10 Feb 2010

4 Steps to Tackle Debt Successfully

It’s certainly easy enough to get yourself into debt, but when it comes to becoming debt free most people struggle for their entire lives without ever fully experiencing a debt free existence.
There are many ways to deal with debt but following four steps I found most useful for us, so I wanted to share them with you.

1. Identify Your Debt
Listing ALL your debt might feel quite unpleasant but sometimes eyeopening. There are several ways how you can pay off your debt quicker but all of them would require you to know exactly how many holes you need to plug first.
List your debt considering following categories: mortgage, bank overdraft, student loans, store cards, consumer loans (paying off furniture, car, etc.), credit cards, friends and family, tax (for self-employed)... Anything else?

2. Decide How Much You Can Spare

Some of your loans will have a set amount of money and a predetermined length of repayment, others would operate on a minimum payment basis.
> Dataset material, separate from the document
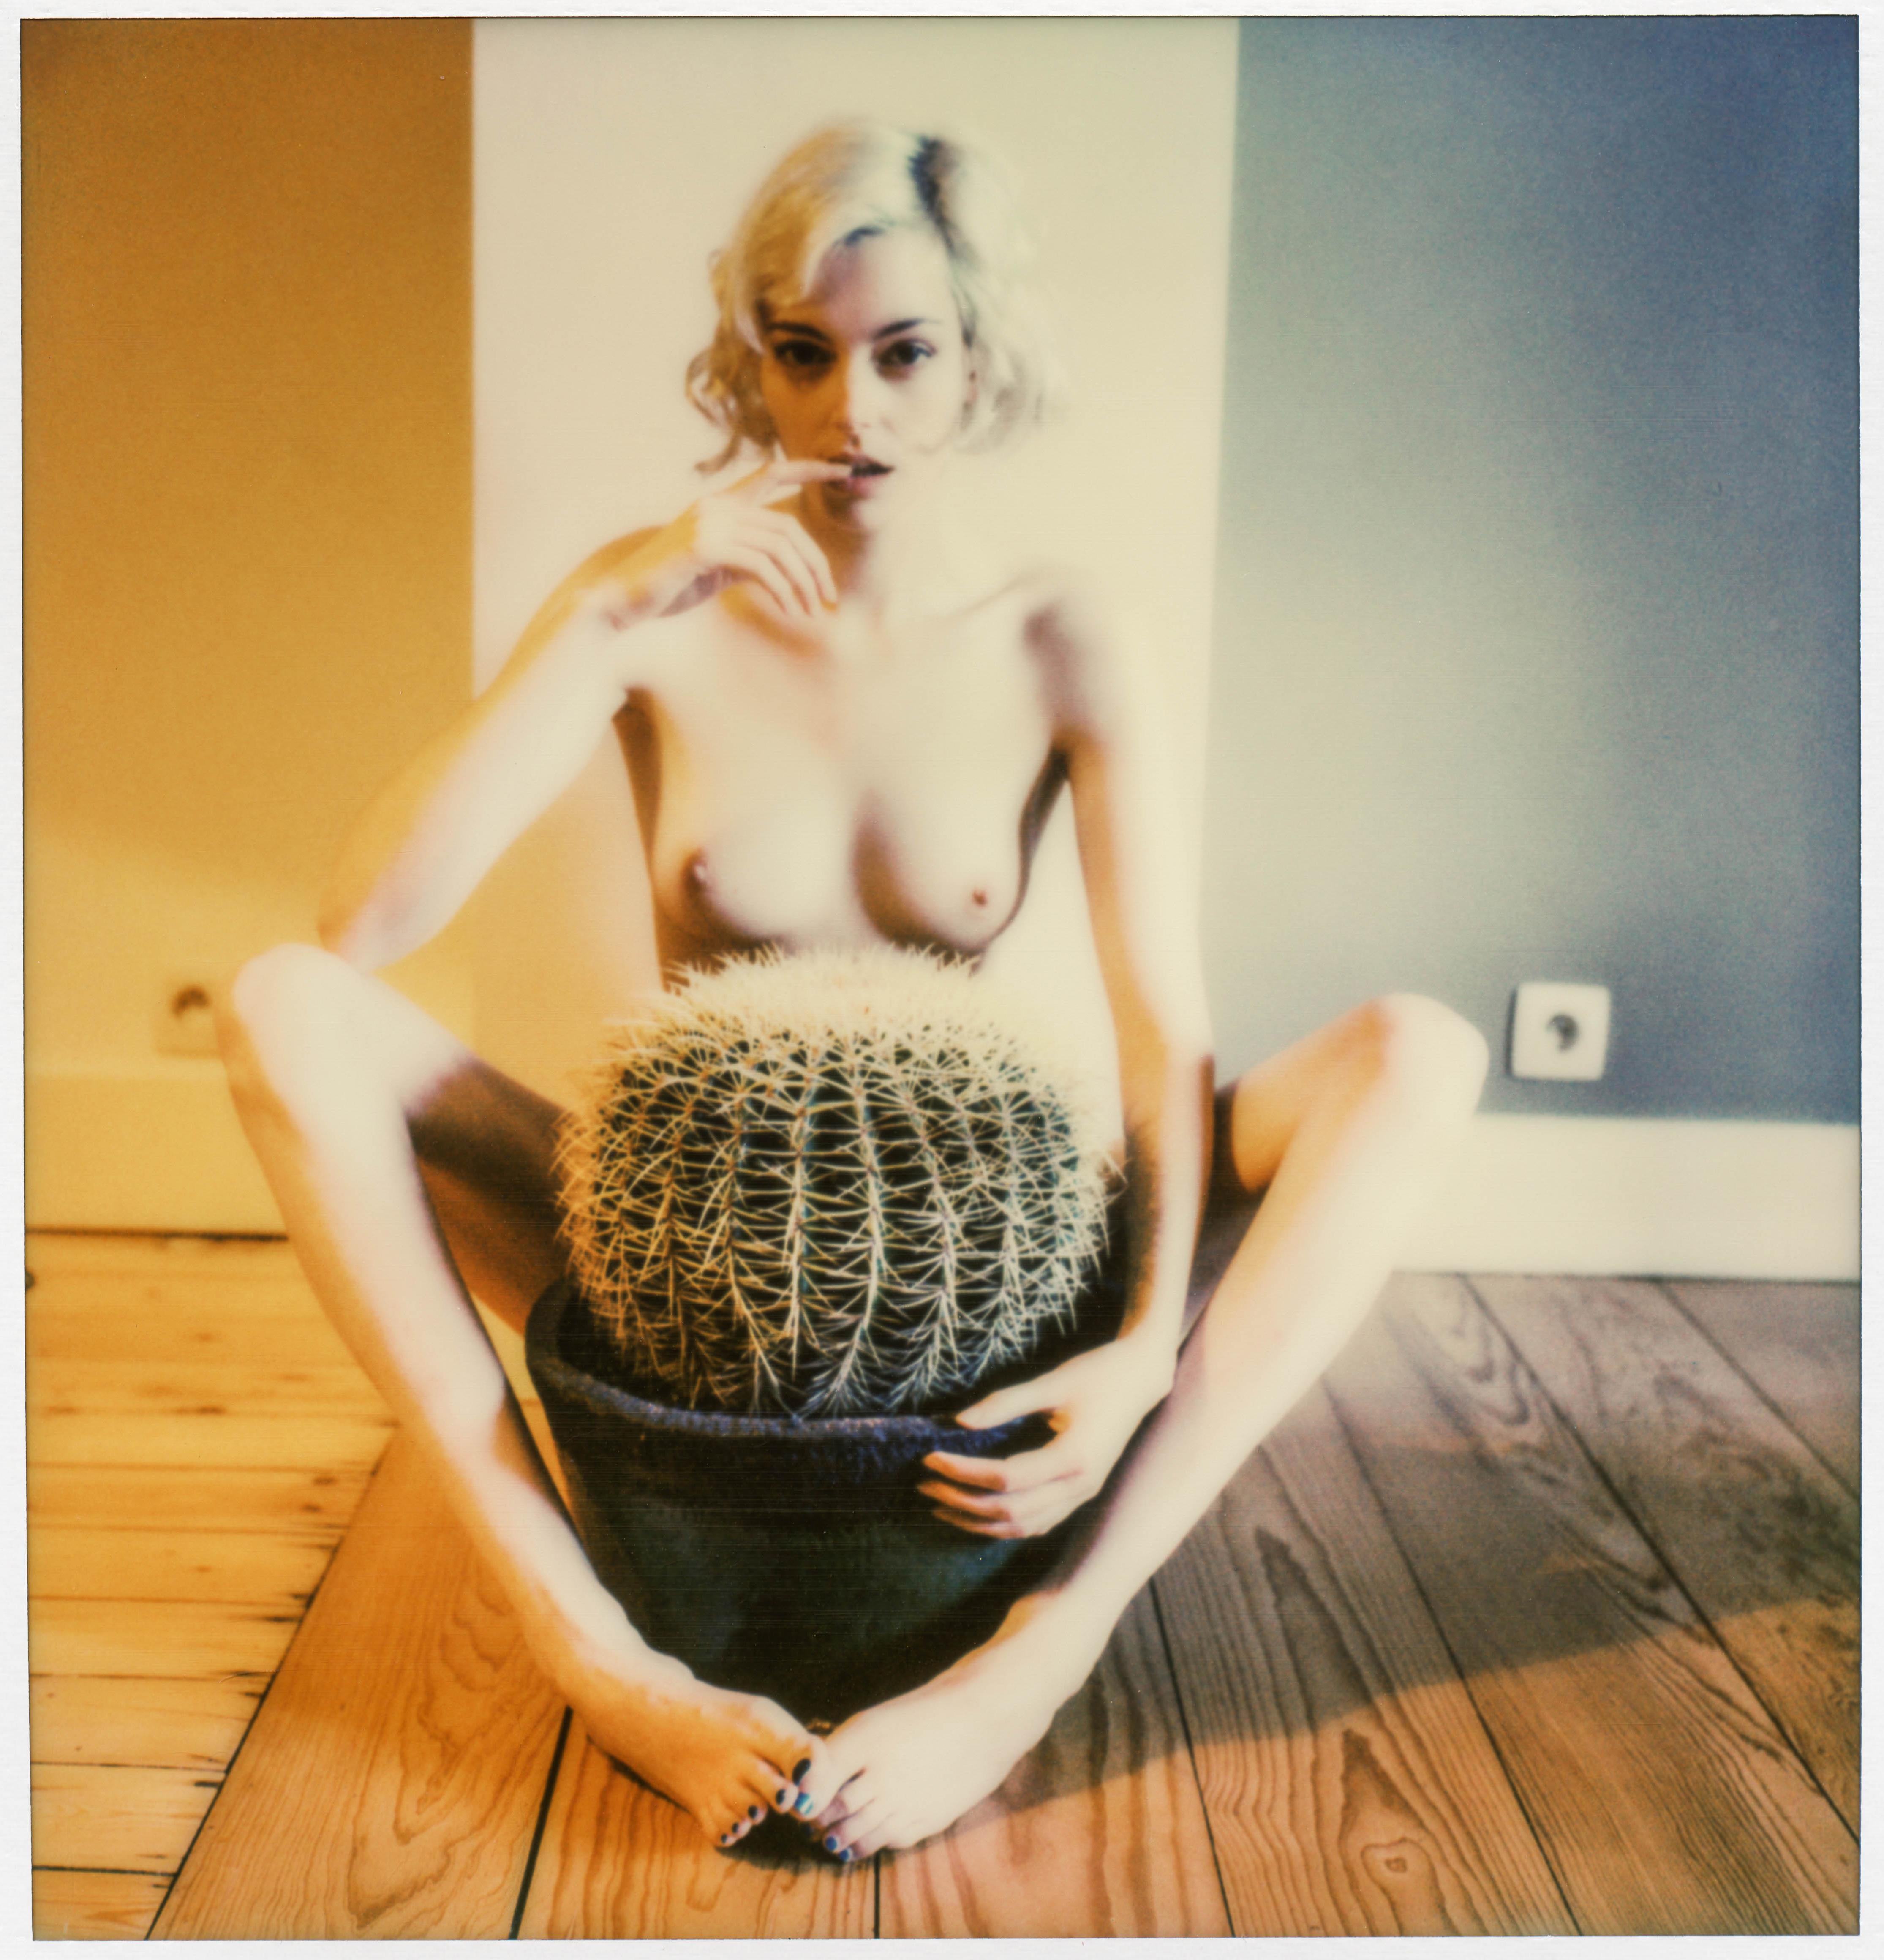 Spiked - Contemporary, Nude, Women, Polaroid, 21st Century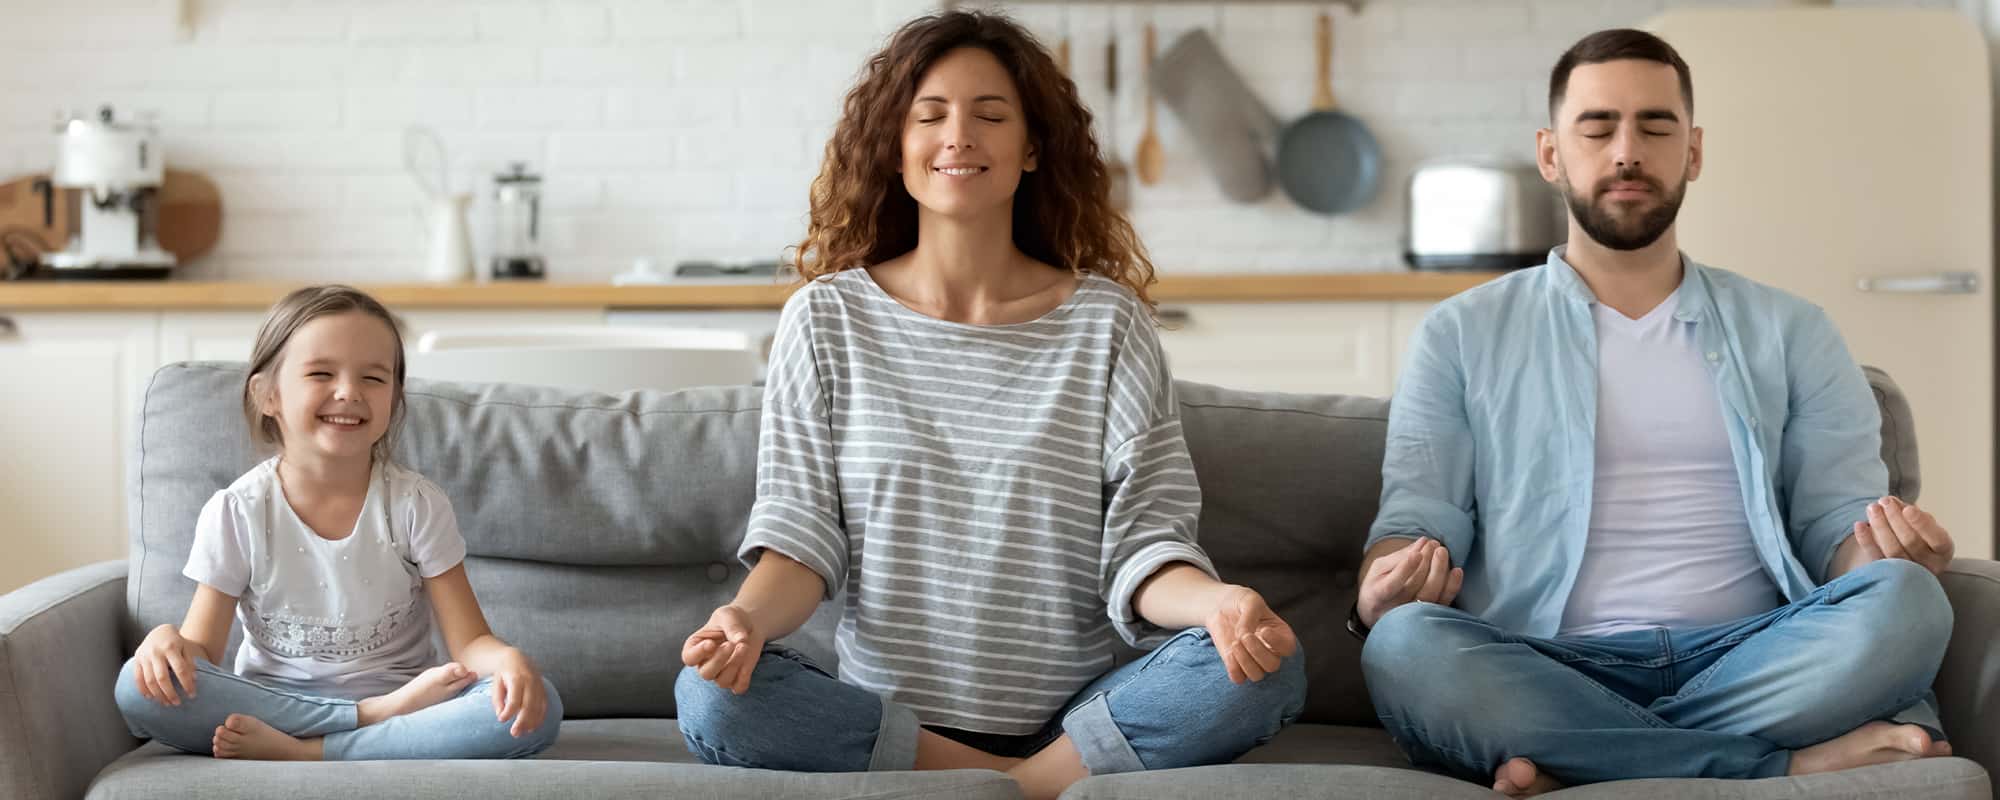 Mindfulness Tips for Calming Big Feelings

Do your sums! I have listed all our loans in a table where I could note against each loan monthly minimum payment, loan term, interest rate, overall outstanding balance.
You are looking to establish the minimum you must pay towards all your debt (so if you are currently overpaying on your credit cards you still need to write down the minimum payment they would accept).

Now look at your income and spending, identify how much more than the minimum payment amount you can contribute towards repaying your debt.

We used this Statement of Affairs calculator to establish our monthly outgoings as well as to calculate our net worth and the amount of money we could dedicate to debt repayment.

3. Prioritise Your Goals

Now you need to decide how you want to repay your loans and other debt. Here is a quick overview of the different approaches to debt repayment currently "on offer".

With the debt avalanche method, you pay off your debts by interest rate, tackling the highest rates first. The avalanche is the mathematically superior approach because you will pay less interest and can get out of debt quicker.

Debt snowball approach - here you order your debts by size and pay off the smallest first. The theory goes that quick wins will keep you motivated. You throw as much money as possible at your chosen debt while paying the minimums on the rest. When the targeted debt is gone, you apply the same payment plus the minimum to the next debt, and so on. The amount you apply to your targeted debt grows as you pay off each bill, and you pack together those little victories to make a big dent in what you owe.

The debt snowflake, can supplement the other strategies. When you snowflake, you look for little ways to trim your expenses. Brought lunch with you from home today? If you were "snowflaking," you would apply the £10 you'd saved on lunch directly to your debts, either the same day or at the end of the week (hopefully combined with other little snowflakes of savings).

We use a mix of an avalanche and a snowball. Because we got some money back from one of our loans we had money spare to repay the overdraft on one of the bank accounts which was also the most expensive debt on the list.
Now we are repaying two loans and two credit cards. One of the credit cards receives only a minimum payment and the other credit card gets all extra money that we have allocated for our debt repayment.

I used the snowball calculator to create our payment schedule. This particular tool allows for change in payment terms (in particular in interest rates). This is very useful if you have cards with introductory low/zero interest rate offers that expire after a while. The tool puts loans with 0% at the top of your list allowing you to repay them while introductory offer lasts.

4. Automate Your Payment

We have direct debits coming out of our joint account so that 90% of our payments are automated. When we recently moved some of our debt to a 0% credit card the small print on this new card (Virgin card) said that the moment we miss a payment remaining credit on our card will be subject to 18.6% interest charged until all the money is paid off.
At the same time Virgin does make it quite complicated if you want set up a direct debit and the only option they offer you to set up over the phone is paying the minimum amount. If you want to pay any more than that it get very confusing and involves paperwork.

It makes me wonder how may people missed their first payment just because the direct debit didn't work and now facing interest charges on their transferred loans ...


By paying off one debt, re-prioritising other payments and increasing overall amount available for repayment by only 10%, we cut the time we will be paying off by nearly two years!

If everything goes to plan we will be debt free by June 2012!